2022! Shall We Drink A Toast To Innocence?

Photo by Jordan Steranka on Unsplash
Photo by Jordan Steranka on Unsplash

There is an old Dan Fogelberg song from 1981 titled “Same Old Lang Syne”. It is an ode to what was and will never be again. I heard this song a few days ago and was struck by how much it spoke to us now. On the dawning of 2022, as we approach the third anniversary of Covid time, I could not help reflect on some of the words.

The song tells of two people who meet each other by accident, two people who have a history. They “drink a toast to innocence” and then a “toast to now” and then “tried to reach beyond the emptiness” but did not know how. How many of us this new year will raise a glass and drink a toast to the loss of innocence?

2022! We are still as a society dealing with the trauma of 9/11. Our politics and decline of civil discourse, I suggest, are representative of this un-reconciled trauma. Now, we add a second social trauma, Covid, a trauma, the effects of which, like 9/11, will be with us for years, maybe decades.
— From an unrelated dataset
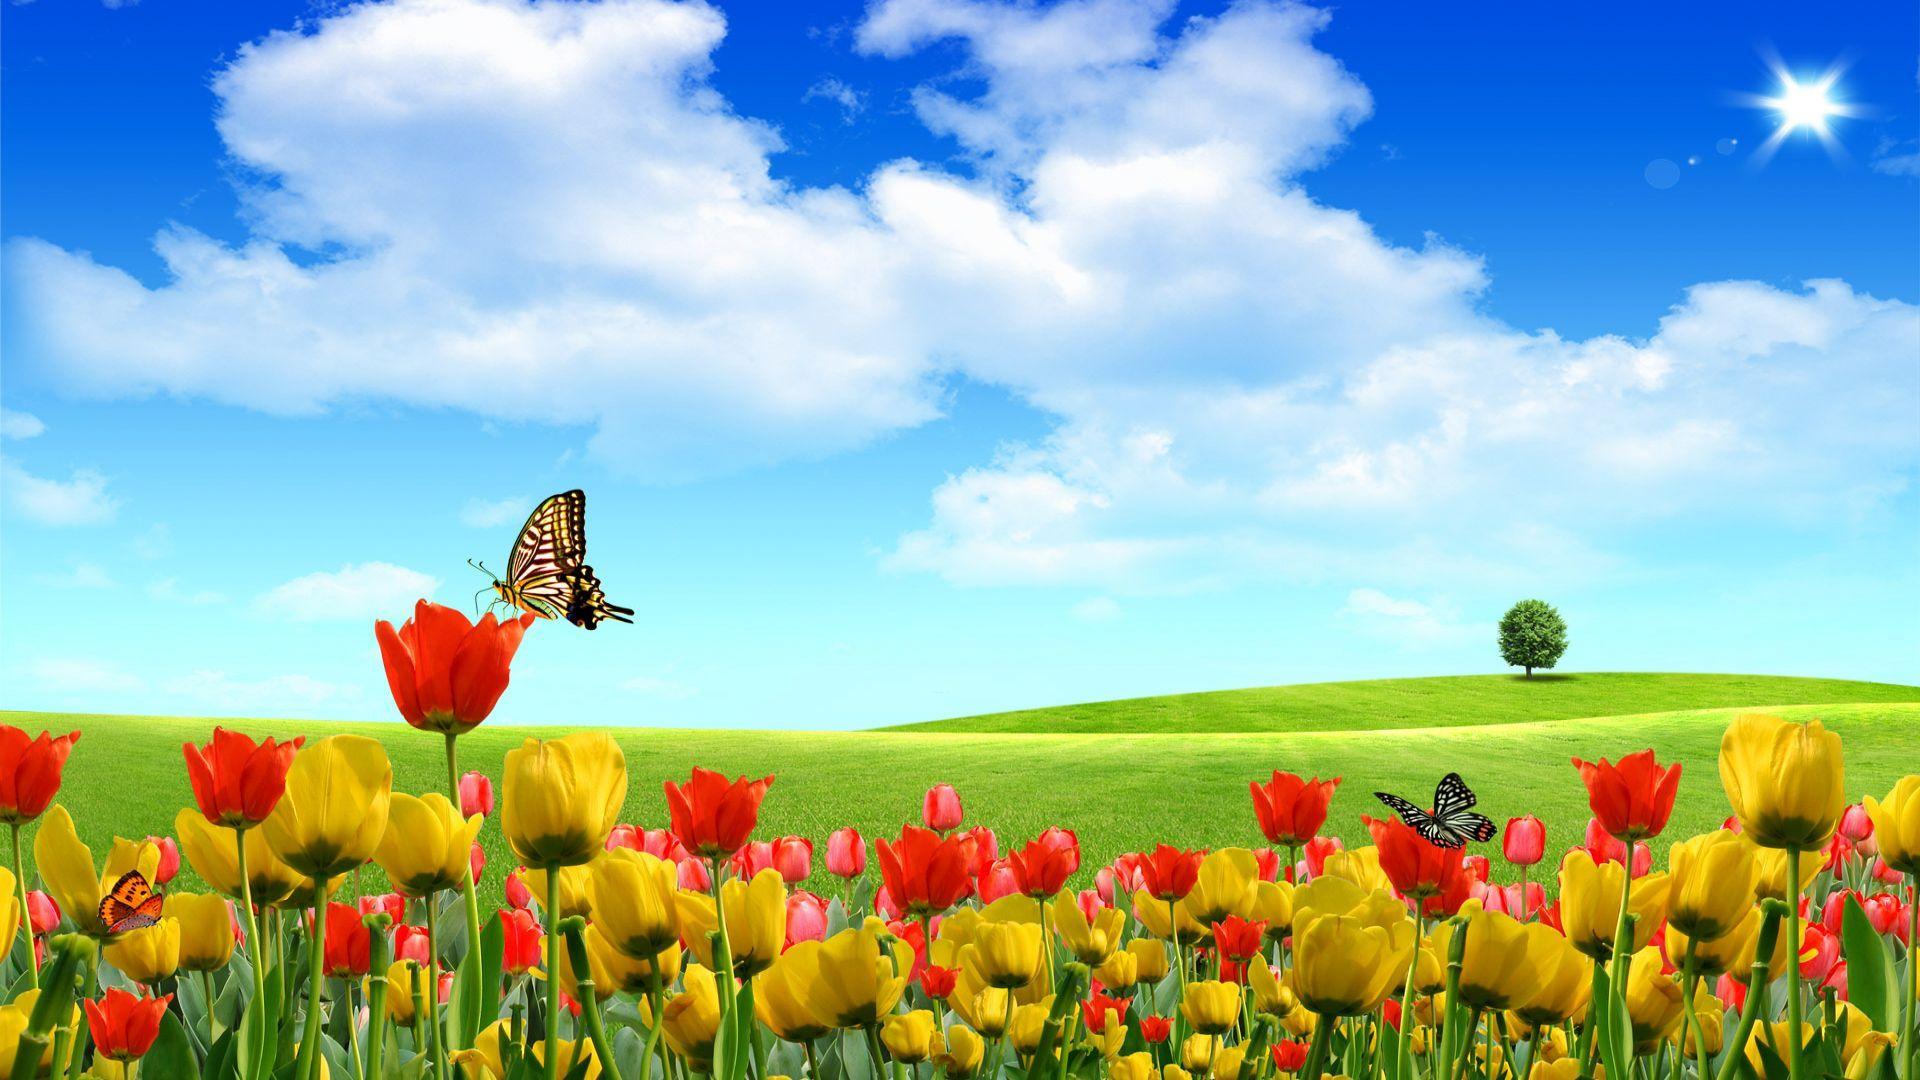 Top Wallpaper High Resolution Scenery - 76c16bf90a0234f9924bafb06127ef82  Trends_448493.jpg

Think back to much of what life was like prior to these two traumas, how innocent that seems now. So, maybe it is time to accept the reality that this societal innocence has gone forever. So we drink a toast to that innocence and ask ourselves what now? One hundred years ago we were living the roaring twentieth of the twentieth century. Now we exist in the anxious twenties of the twenty-first century. Anxiety, isolation of the soul and self, social polarization are characteristics of so much of our age. It is easy to blame the pandemic, but the seeds of this were planted years ago. We have never, as a society, dealt with these twin traumas. We are now paying the price.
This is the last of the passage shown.